Cheesemonger and chef Keelan has created a seasonal recipe featuring one of his favourite goat's milk cheeses: St. Tola. This is a challenging, satisfying and delicious recipe for you to try at home.
St. Tola Tortelloni with Winter Squash, Sage, and Brown Butter
Recipe by Keelan Currie
Photos by Fiona Sanson
Siobhan Ni Ghairbhith and her team in County Clare, Ireland make a special recipe of their St. Tola goat's cheese for Neal's Yard Dairy with only morning milk and a little extra salt mixed in by hand. Delicate with a fresh, bright, lemony acidity and a dense yet creamy texture, it is perfectly suited for a tortelloni filling.
1½ cups all-purpose flour
¼ cups semolina flour
5 egg yolks (try Cacklebean eggs, sold in our London shops)
1 whole egg
½ tbsp olive oil
½ tbsp whole milk
½ tsp salt
1. In a large bowl mix flour and salt together. Once mixed, create a well-shaped cavity in the centre of the bowl.
2. In a separate bowl mix the wet ingredients (eggs, olive oil, milk.)
3. Once wet ingredients are thoroughly mixed pour them into the well that you created in the dry ingredients.
4. With a wooden spoon, slowly begin to stir the flour into the egg mixture.

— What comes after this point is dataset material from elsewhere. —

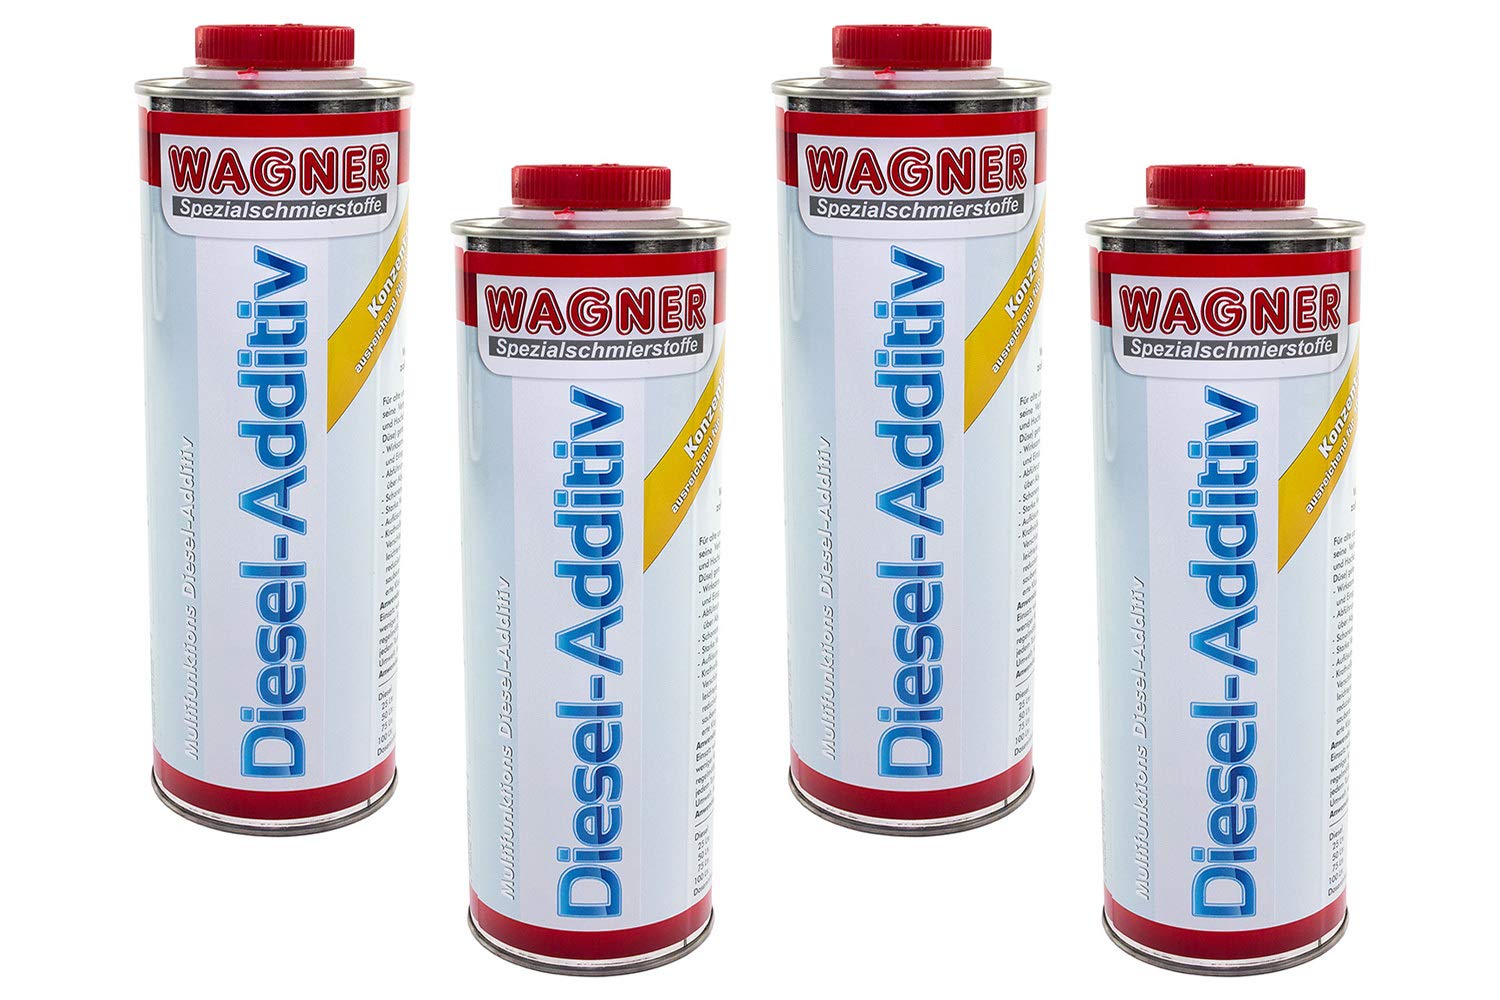 WAGNER Diesel Additiv 4 Liter Dieseladditiv Kraftstoffsystem Reiniger Zusatz von MVH Bockauf

5. Once flour is fully incorporated and a dough has formed, remove the dough from the bowl. Knead the dough on a floured work surface for approximately 10-15 minutes.
6. Finally, wrap the dough in cling film and allow it to rest in the refrigerator.
For best results, allow the dough to rest between 2 and 24 hours. Bring dough to room temperature before use.
St. Tola goat's cheese
1 Red Kuri squash (or any orange winter squash)
1-2 cloves garlic
2 egg yolks
salt and pepper
1. Preheat oven to 180C.
2. Cut squash in half lengthwise.
3. With a spoon remove seeds and reserve for later.
4. Place the squash skin side down on a baking sheet. Season liberally with olive oil, salt, pepper, and crushed garlic. Place in the oven and bake until soft (approximately 30-40 minutes.)
5. Once fully cooked, scoop the flesh of the squash from the skin using a spoon, set aside and allow to fully cool.
6. In a large mixing bowl crumble St. Tola goat's cheese, add egg yolks and squash.
7. With a rubber spatula bring the ingredients together (leaving some cheese pieces intact for texture and pops of flavour.)
8. Finish with salt, pepper and freshly grated nutmeg to taste.
Any firm-fleshed winter squash of your liking can be substituted in this recipe.
Allowing the St. Tola to come to room temperature before use makes for easy mixing.
Squash seeds, washed and toasted, make a lovely garnish for your pasta.
1. Work pasta through a pasta roller until desired thickness is achieved (second to last setting recommended.)
2. Lay pasta sheets across the work surface.
3. Cut pasta into 4 cm x 4 cm squares.
4. Brush egg wash across the square, and place a dollop of the filling into the centre of the square.
5. Take one corner of the pasta and fold it over itself, forming a triangle. Press down the pasta around the filling, sealing the edges and making sure not to have left any air pockets.
6. Using your index and middle finger pinch the pouch of pasta gently while pulling and bringing the two bottom ends of the pasta together.
Forming tortelloni can be a challenge, but satisfying and fun to practice. You may find watching or reading a quick online tutorial helpful, such as this one.
Completing the Dish
1. Rinse squash seeds, dry well by patting between a kitchen towel. On a baking sheet lightly coat the seeds in olive oil. Season with salt and toast them in the oven at 180C for approximately 15-20 minutes (be careful not to burn them.)
2. Heavily season a large pot of water with salt and bring it to a boil.
3. In a frying pan quickly roast slivers of squash. Remove them from the pan.
4. In the same pan, begin to gently brown several knobs of butter. As butter begins to brown toss in one crushed clove of garlic and several leaves of fresh sage. Remove from heat.
5. Place tortelloni into boiling water. Once they begin to float remove them and place them into the frying pan. Gently toss them in the butter.
6. Plate, garnish with squash, sage, seeds and more crumbled St. Tola. Drizzle remaining pan sauces and serve.